Leave out the pictures and repeat exactly the lines from the one containing "Kauai Embroidered Sweatshirts" through the final line of the listing below.

DATA>
########

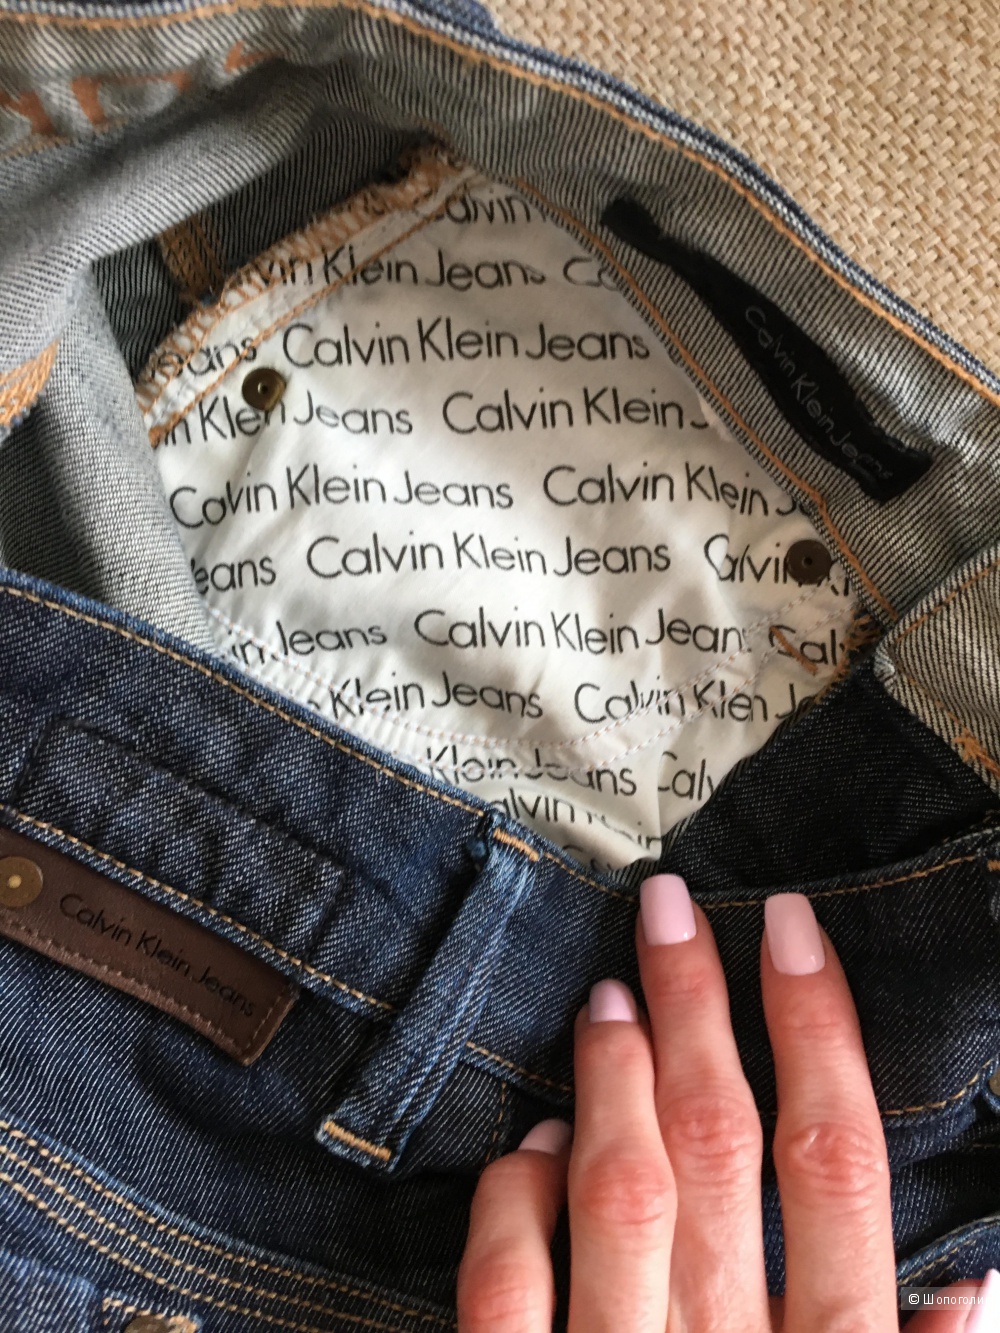 Джинсы Calvin Klein, 24 размер
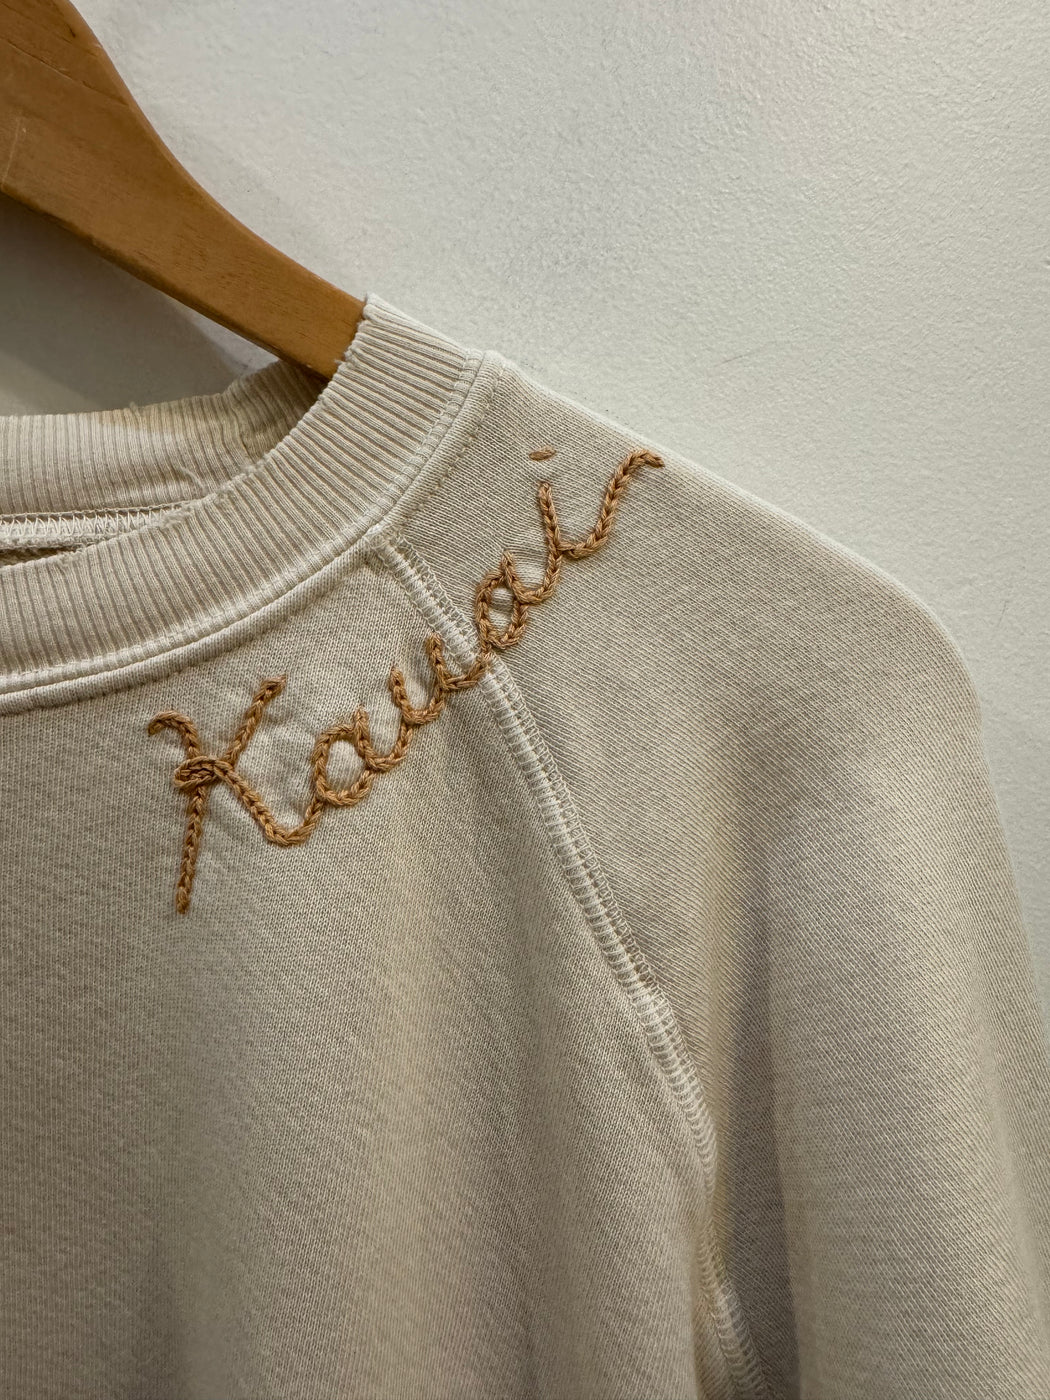 Kauai Embroidered Sweatshirts
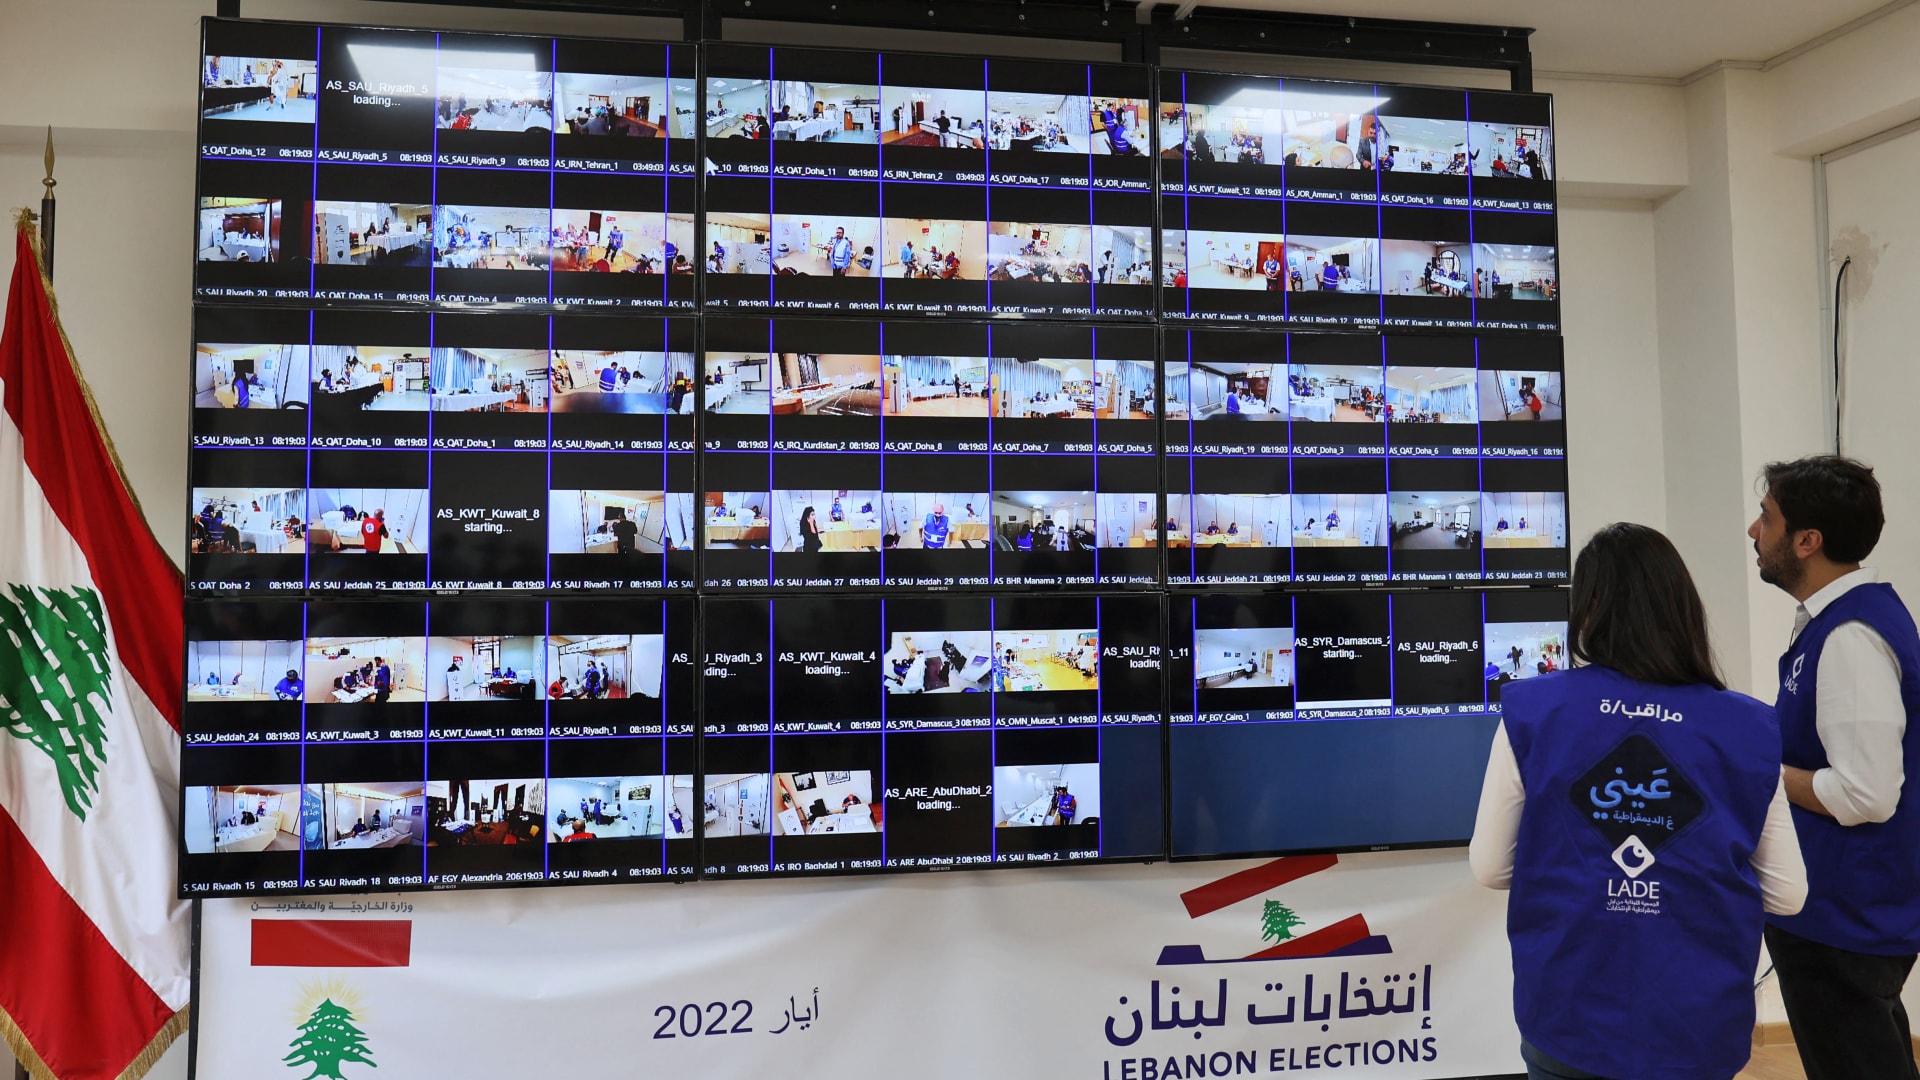 مراقبان للانتخابات اللبنانية

########

ANSWER BELOW>
 Kauai Embroidered Sweatshirts
 مراقبان للانتخابات اللبنانية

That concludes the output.